What you will do ▸ Please repeat only the stretch of records running from the first line through the line that contains "Leather Brown Wood".

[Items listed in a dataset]
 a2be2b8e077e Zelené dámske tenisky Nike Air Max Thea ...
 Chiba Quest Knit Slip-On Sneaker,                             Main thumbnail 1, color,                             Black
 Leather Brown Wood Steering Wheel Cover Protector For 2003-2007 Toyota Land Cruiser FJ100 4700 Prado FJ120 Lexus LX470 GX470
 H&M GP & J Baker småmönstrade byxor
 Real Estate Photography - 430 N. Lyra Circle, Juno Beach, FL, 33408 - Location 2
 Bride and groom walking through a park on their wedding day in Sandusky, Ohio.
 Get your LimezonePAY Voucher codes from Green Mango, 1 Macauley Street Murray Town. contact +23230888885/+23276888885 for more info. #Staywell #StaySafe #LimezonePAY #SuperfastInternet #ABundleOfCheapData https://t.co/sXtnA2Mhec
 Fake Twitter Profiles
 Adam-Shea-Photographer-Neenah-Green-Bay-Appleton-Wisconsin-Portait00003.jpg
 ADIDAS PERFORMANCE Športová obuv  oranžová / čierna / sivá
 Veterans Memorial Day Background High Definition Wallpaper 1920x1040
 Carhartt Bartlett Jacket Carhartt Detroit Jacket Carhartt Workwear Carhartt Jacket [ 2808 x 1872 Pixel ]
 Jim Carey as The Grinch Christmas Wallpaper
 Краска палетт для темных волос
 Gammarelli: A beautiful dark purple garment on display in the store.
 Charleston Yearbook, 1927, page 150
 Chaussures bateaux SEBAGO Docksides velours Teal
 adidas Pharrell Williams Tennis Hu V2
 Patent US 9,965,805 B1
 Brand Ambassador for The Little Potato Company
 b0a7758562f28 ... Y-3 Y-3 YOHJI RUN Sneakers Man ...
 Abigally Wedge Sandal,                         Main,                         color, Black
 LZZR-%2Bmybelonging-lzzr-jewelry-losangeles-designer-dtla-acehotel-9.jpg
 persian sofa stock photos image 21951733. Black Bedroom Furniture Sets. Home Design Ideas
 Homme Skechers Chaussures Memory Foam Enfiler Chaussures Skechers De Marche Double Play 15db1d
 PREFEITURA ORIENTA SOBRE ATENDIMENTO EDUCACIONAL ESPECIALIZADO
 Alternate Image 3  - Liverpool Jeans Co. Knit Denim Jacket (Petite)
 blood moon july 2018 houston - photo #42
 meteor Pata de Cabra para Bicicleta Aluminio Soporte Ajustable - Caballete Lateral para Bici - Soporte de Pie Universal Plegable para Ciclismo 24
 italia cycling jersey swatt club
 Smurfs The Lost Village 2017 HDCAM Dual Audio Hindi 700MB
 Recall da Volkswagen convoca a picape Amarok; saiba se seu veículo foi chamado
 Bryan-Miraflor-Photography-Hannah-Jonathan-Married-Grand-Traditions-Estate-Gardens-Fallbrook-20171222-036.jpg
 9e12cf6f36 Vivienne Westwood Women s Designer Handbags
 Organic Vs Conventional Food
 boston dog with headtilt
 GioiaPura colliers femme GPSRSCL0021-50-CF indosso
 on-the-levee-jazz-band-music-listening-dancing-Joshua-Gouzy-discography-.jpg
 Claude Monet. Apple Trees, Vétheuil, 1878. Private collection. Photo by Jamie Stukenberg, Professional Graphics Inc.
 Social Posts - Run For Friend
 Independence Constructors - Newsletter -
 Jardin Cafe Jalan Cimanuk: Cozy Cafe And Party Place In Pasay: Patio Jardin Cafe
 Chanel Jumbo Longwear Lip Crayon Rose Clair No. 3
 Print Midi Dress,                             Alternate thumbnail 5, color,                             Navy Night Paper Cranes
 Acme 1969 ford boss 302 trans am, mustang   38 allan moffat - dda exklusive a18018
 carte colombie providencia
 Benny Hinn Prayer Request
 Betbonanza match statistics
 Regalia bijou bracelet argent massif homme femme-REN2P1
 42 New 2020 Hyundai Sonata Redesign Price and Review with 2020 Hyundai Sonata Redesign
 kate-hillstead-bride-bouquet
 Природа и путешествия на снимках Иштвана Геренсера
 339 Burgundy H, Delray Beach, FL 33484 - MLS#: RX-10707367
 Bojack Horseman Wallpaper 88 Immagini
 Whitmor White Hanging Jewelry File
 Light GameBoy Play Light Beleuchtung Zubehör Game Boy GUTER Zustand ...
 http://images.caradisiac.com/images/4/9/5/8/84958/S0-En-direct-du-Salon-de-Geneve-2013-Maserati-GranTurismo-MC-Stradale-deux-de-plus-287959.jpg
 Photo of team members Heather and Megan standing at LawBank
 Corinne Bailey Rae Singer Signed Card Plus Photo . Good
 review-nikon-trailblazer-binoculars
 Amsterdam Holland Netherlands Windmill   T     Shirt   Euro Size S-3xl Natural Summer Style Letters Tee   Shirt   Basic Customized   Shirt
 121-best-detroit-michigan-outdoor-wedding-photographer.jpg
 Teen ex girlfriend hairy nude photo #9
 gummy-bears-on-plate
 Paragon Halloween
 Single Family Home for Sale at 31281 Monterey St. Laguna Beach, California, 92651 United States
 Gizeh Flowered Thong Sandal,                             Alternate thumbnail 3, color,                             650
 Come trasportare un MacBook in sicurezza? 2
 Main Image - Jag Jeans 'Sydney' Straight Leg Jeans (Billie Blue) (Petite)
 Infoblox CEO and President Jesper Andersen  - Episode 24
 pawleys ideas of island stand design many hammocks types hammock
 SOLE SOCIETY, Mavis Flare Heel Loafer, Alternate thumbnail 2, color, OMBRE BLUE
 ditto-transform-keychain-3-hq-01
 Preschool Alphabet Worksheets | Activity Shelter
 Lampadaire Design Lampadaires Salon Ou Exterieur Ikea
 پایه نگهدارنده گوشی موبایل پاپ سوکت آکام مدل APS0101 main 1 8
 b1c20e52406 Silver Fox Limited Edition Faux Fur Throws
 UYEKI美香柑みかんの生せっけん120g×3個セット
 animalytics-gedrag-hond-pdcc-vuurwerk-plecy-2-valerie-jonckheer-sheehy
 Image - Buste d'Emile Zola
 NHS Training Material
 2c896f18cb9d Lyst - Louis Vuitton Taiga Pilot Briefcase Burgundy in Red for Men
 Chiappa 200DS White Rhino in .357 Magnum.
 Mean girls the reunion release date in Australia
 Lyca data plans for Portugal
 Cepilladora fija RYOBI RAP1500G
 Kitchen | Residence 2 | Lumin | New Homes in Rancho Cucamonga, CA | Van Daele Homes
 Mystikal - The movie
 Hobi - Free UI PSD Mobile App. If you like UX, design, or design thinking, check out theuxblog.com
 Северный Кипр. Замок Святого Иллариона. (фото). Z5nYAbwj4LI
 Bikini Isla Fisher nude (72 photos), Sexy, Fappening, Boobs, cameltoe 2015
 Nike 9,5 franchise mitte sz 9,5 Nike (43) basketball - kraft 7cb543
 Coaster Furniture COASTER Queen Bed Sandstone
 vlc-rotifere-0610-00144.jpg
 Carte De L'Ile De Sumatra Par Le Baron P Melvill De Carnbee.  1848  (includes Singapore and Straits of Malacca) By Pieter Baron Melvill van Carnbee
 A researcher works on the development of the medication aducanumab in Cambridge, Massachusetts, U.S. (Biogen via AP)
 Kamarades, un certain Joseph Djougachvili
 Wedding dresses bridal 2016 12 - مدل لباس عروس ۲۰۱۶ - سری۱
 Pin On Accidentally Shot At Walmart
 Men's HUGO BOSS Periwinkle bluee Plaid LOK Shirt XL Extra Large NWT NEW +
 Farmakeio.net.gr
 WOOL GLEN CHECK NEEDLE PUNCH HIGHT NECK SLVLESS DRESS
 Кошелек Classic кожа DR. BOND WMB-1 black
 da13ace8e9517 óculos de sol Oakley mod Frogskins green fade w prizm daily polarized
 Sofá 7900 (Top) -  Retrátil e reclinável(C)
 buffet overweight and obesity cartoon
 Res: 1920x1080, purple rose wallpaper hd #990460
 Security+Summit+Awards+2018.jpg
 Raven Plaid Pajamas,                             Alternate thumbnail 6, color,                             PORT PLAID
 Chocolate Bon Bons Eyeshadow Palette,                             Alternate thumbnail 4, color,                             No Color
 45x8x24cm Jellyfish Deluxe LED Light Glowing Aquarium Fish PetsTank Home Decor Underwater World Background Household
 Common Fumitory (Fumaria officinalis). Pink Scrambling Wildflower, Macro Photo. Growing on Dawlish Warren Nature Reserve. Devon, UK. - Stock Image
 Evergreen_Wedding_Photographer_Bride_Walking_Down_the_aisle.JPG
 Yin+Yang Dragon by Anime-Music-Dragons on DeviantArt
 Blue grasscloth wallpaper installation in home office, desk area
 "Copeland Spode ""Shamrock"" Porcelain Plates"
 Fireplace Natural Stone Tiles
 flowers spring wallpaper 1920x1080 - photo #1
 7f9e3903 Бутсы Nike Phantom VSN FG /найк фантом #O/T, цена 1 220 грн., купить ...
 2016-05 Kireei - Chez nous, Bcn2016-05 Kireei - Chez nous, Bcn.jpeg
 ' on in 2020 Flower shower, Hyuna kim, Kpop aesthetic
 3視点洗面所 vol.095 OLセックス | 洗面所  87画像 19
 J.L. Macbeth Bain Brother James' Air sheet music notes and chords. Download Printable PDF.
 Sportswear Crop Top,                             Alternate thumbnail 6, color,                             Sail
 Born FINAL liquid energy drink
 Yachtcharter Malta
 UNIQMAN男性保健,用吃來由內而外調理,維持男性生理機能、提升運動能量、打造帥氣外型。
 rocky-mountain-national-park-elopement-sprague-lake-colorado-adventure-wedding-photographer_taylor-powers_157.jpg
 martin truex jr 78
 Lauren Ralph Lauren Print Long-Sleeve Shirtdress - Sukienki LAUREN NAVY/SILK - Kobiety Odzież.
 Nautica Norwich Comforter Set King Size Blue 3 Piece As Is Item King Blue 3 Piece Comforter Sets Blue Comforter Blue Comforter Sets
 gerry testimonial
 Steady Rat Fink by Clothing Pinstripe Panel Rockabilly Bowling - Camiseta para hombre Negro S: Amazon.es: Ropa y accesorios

Exercise solution ▸
 a2be2b8e077e Zelené dámske tenisky Nike Air Max Thea ...
 Chiba Quest Knit Slip-On Sneaker,                             Main thumbnail 1, color,                             Black
 Leather Brown Wood Steering Wheel Cover Protector For 2003-2007 Toyota Land Cruiser FJ100 4700 Prado FJ120 Lexus LX470 GX470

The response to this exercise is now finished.